The two problems upstream are that are:
 1. cloudinit/distros/networking.py get_interfaces_by_mac doesn't honor blacklist_drivers from a datasource
 2. DataSourceAzure sets blacklist_drivers on DataSourceAzure.distro.networking.blacklist_drivers during _get_data.
 3. stages.py also does not copy blacklist_drivers into a newly instantiated distro instance on the found datasource.

This will only affect older kernels like 4.4 because any newer kernels surface a sysfs "master" links in SRIOV devices so cloud-init ignores them by default so no duplicate mac errors are seen.

The following diff resolves this for Azure on 4.4 FIPS kernel.

I'll have to talk with the team about how best to support this on Xenial PRO images.

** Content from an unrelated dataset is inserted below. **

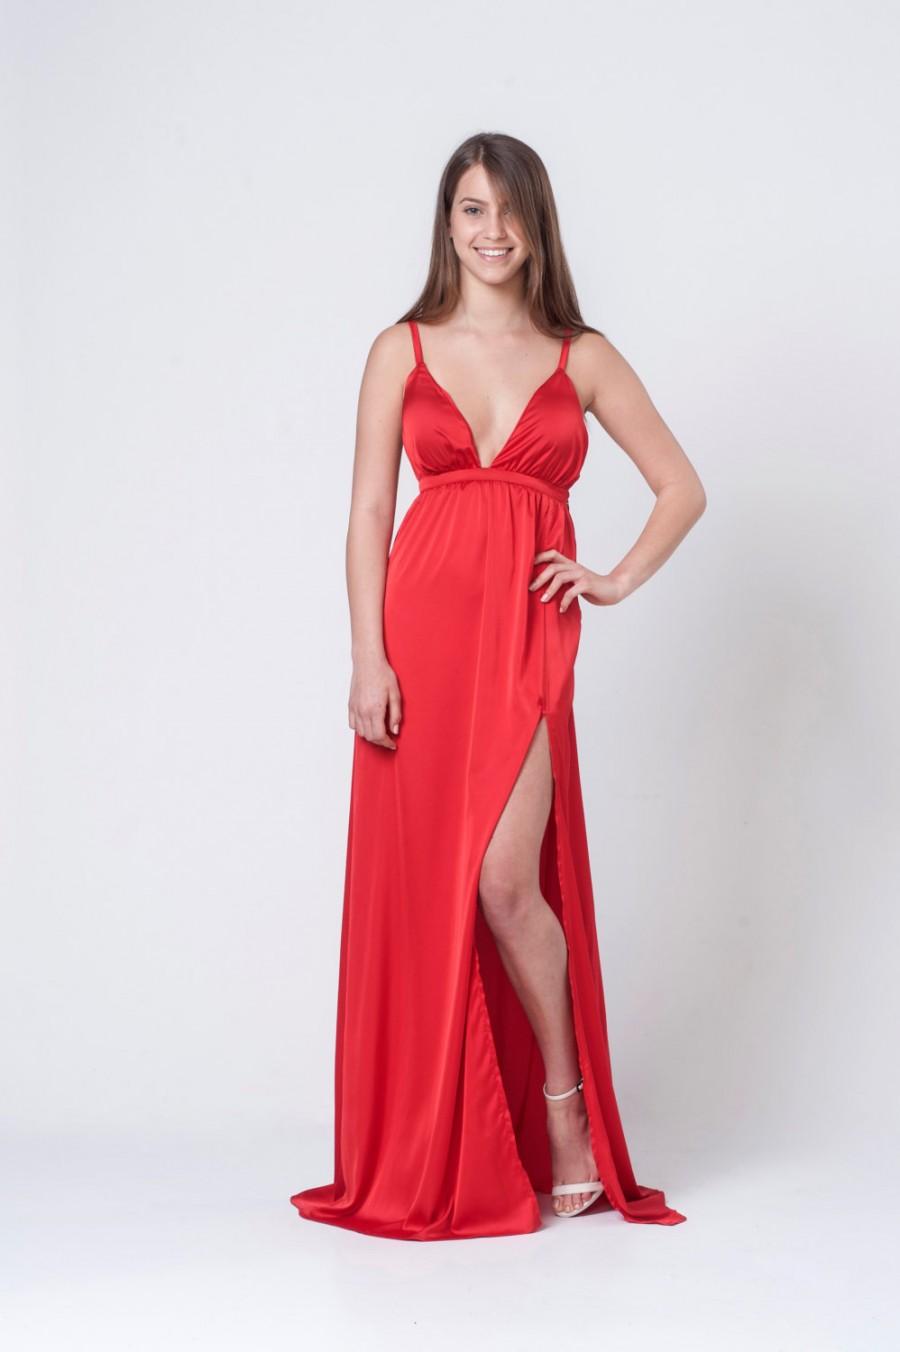 Mariage - Red satin bridesmaid dress - open back maxi dress - Deep front opening dress - spaghetti red dress

diff --git a/cloudinit/distros/networking.py b/cloudinit/distros/networking.py
index c291196a..471d7e52 100644
--- a/cloudinit/distros/networking.py
+++ b/cloudinit/distros/networking.py
@@ -71,7 +71,7 @@ class Networking(metaclass=abc.ABCMeta):
     def get_interfaces(self) -> list:
         return net.get_interfaces()

- def get_interfaces_by_mac(self) -> dict:
+ def get_interfaces_by_mac(self, *, blacklist_drivers=None) -> dict:
         return net.get_interfaces_by_mac(
             blacklist_drivers=self.blacklist_drivers)

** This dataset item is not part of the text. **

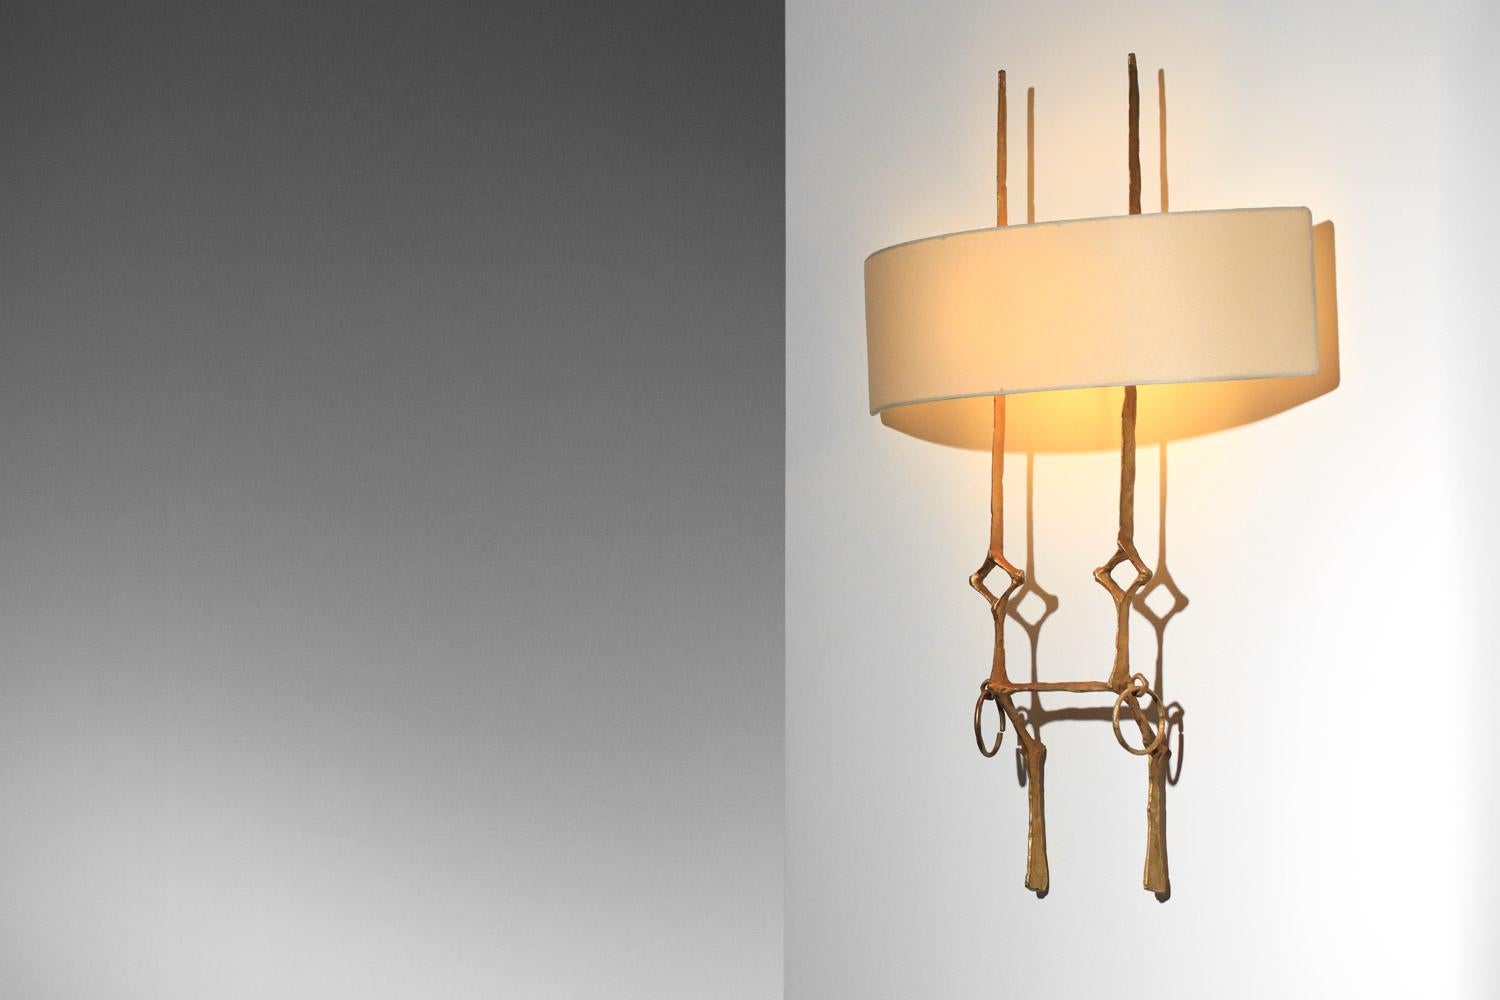 Beautiful pair of French wall lamps from the 1950s by designer and artist Felix Agostini,

@@ -144,7 +144,9 @@ class Networking(metaclass=abc.ABCMeta):
         expected_macs = set(expected_ifaces.keys())

         # set of current macs
- present_macs = self.get_interfaces_by_mac().keys()
+ present_macs = self.get_interfaces_by_mac(
+ blacklist_drivers=self.blacklist_drivers
+ ).keys()

         # compare the set of expected mac address values to
         # the current macs present; we only check MAC as cloud-init
diff --git a/cloudinit/sources/DataSourceAzure.py b/cloudinit/sources/DataSourceAzure.py
index dcdf9f8f..0069bd0a 100755
--- a/cloudinit/sources/DataSourceAzure.py
+++ b/cloudinit/sources/DataSourceAzure.py
@@ -344,6 +344,7 @@ class DataSourceAzure(sources.DataSource):
         EventType.BOOT,
         EventType.BOOT_LEGACY
     }}
+ blacklist_drivers = BLACKLIST_DRIVERS

     _negotiated = False
     _metadata_imds = sources.UNSET
@@ -626,7 +627,7 @@ class DataSourceAzure(sources.DataSource):
         except Exception as e:
             LOG.warning("Failed to get system information: %s", e)

- self.distro.networking.blacklist_drivers = BLACKLIST_DRIVERS
+ self.distro.networking.blacklist_drivers = self.blacklist_drivers

         try:
             crawled_data = util.log_time(
diff --git a/cloudinit/stages.py b/cloudinit/stages.py
index bbded1e9..cc7619b3 100644
--- a/cloudinit/stages.py
+++ b/cloudinit/stages.py
@@ -92,6 +92,14 @@ class Init(object):
             # said datasource and move its distro/system config
             # from whatever it was to a new set...
             if self.datasource is not NULL_DATA_SOURCE:
+ # Certain datasources exclude network devices based
+ # on the corresponding driver (Azure SRIOV).
+ # When copying in a new distro, reset the
+ # blacklist_drivers for networking config generation.
+ if hasattr(self.datasource, "blacklist_drivers"):
+ self._distro.networking.blacklist_drivers = getattr(
+ self.datasource, "blacklist_drivers"
+ )
                 self.datasource.distro = self._distro
                 self.datasource.sys_cfg = self.cfg
         return self._distro